* Task objective:
Reproduce the listing below exactly, except for its pictures.

* Available data:
════

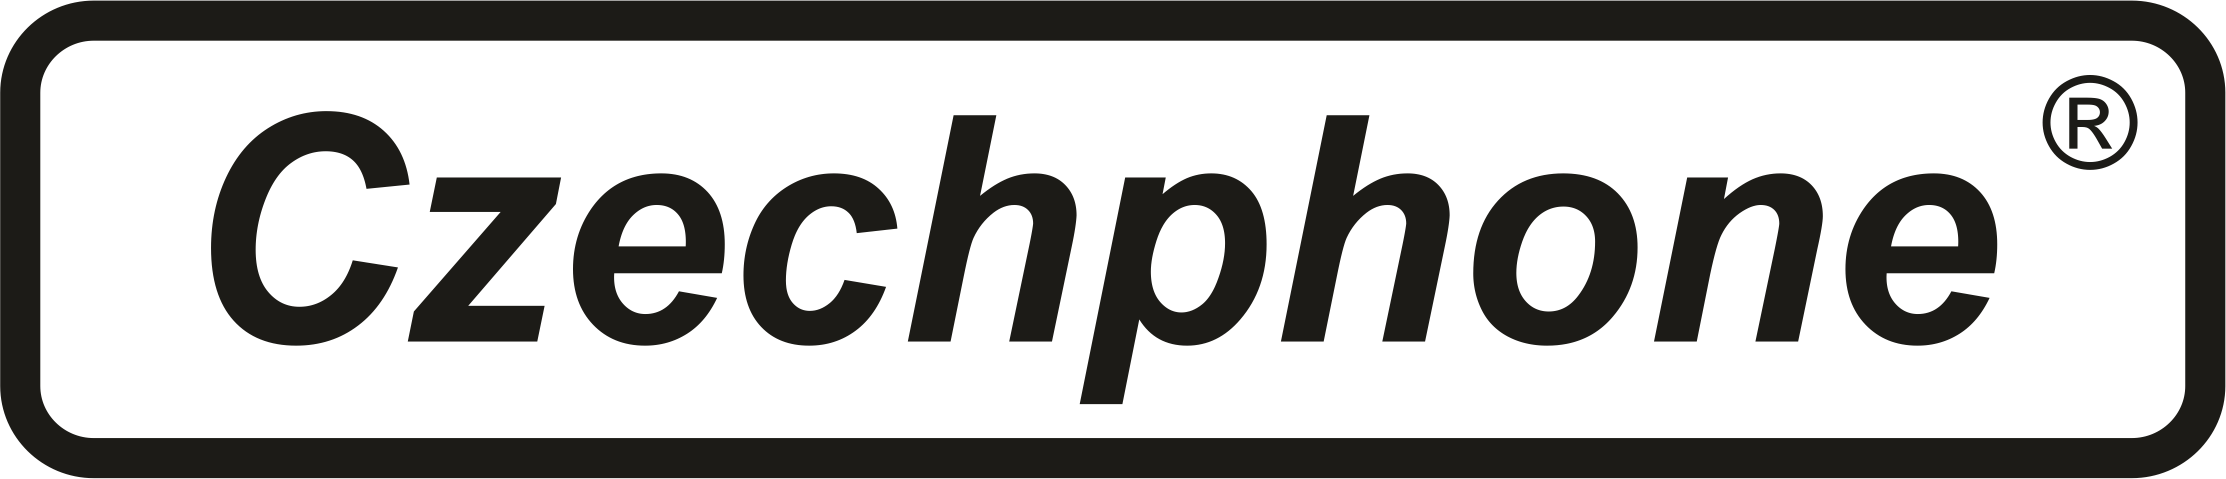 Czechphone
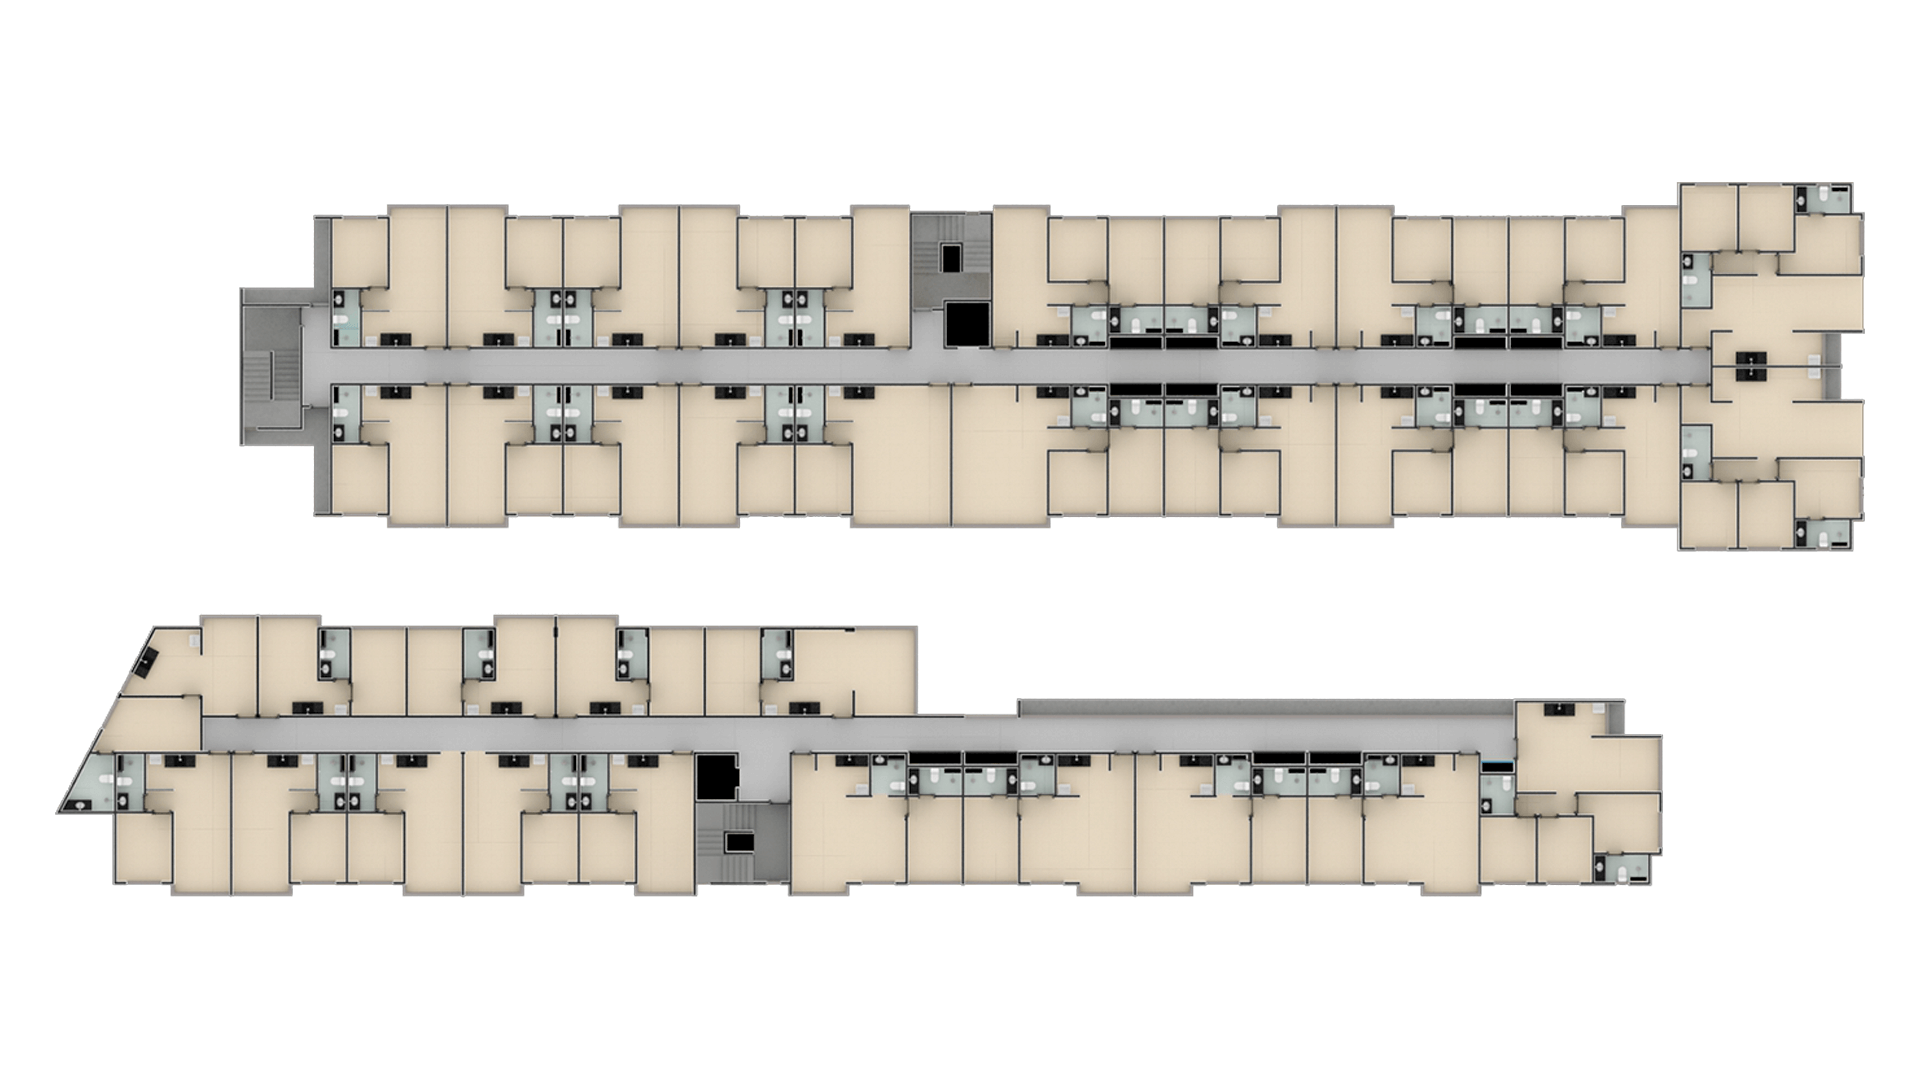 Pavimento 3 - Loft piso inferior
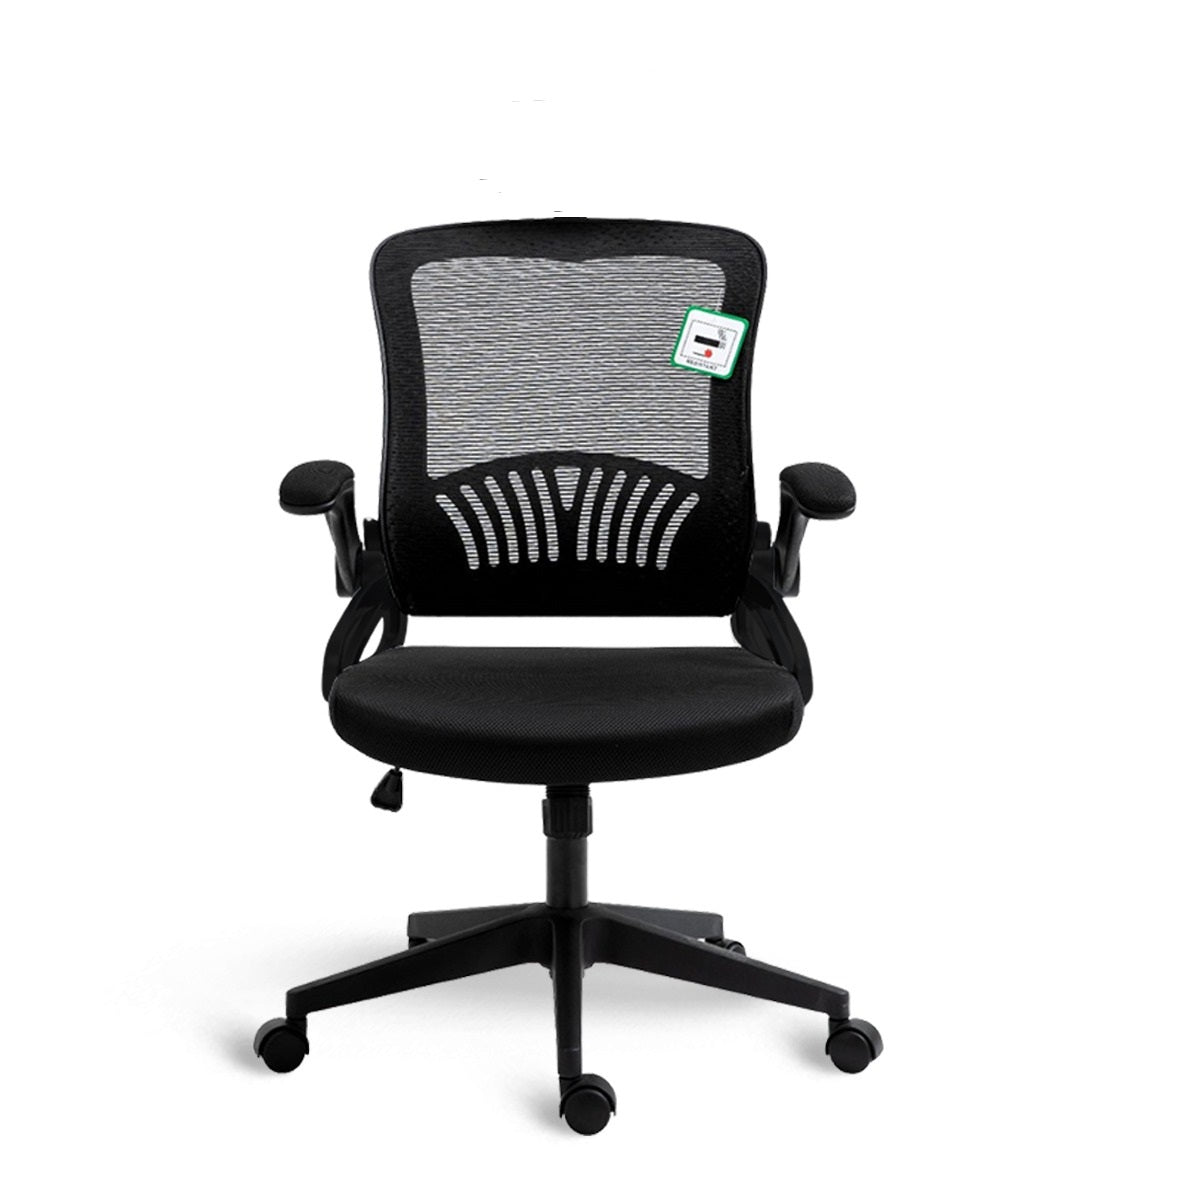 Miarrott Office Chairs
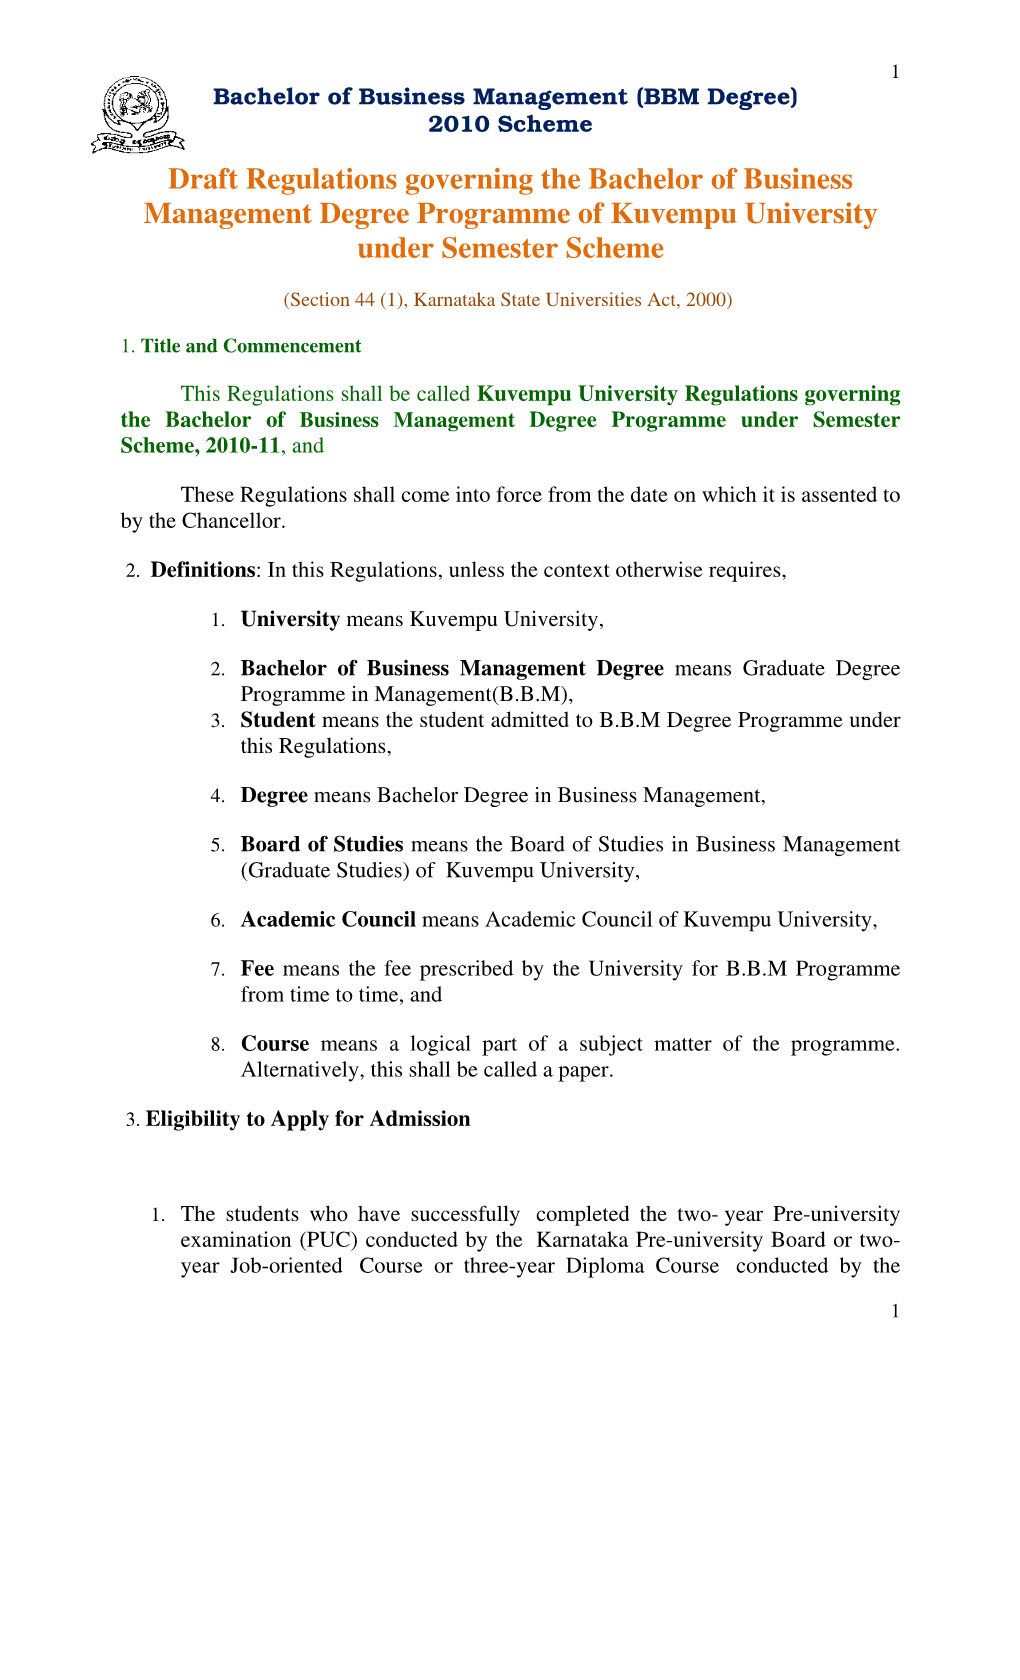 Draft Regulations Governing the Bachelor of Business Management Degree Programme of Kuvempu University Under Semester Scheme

════

* Finished task:
 Czechphone
 Pavimento 3 - Loft piso inferior
 Miarrott Office Chairs
 Draft Regulations Governing the Bachelor of Business Management Degree Programme of Kuvempu University Under Semester Scheme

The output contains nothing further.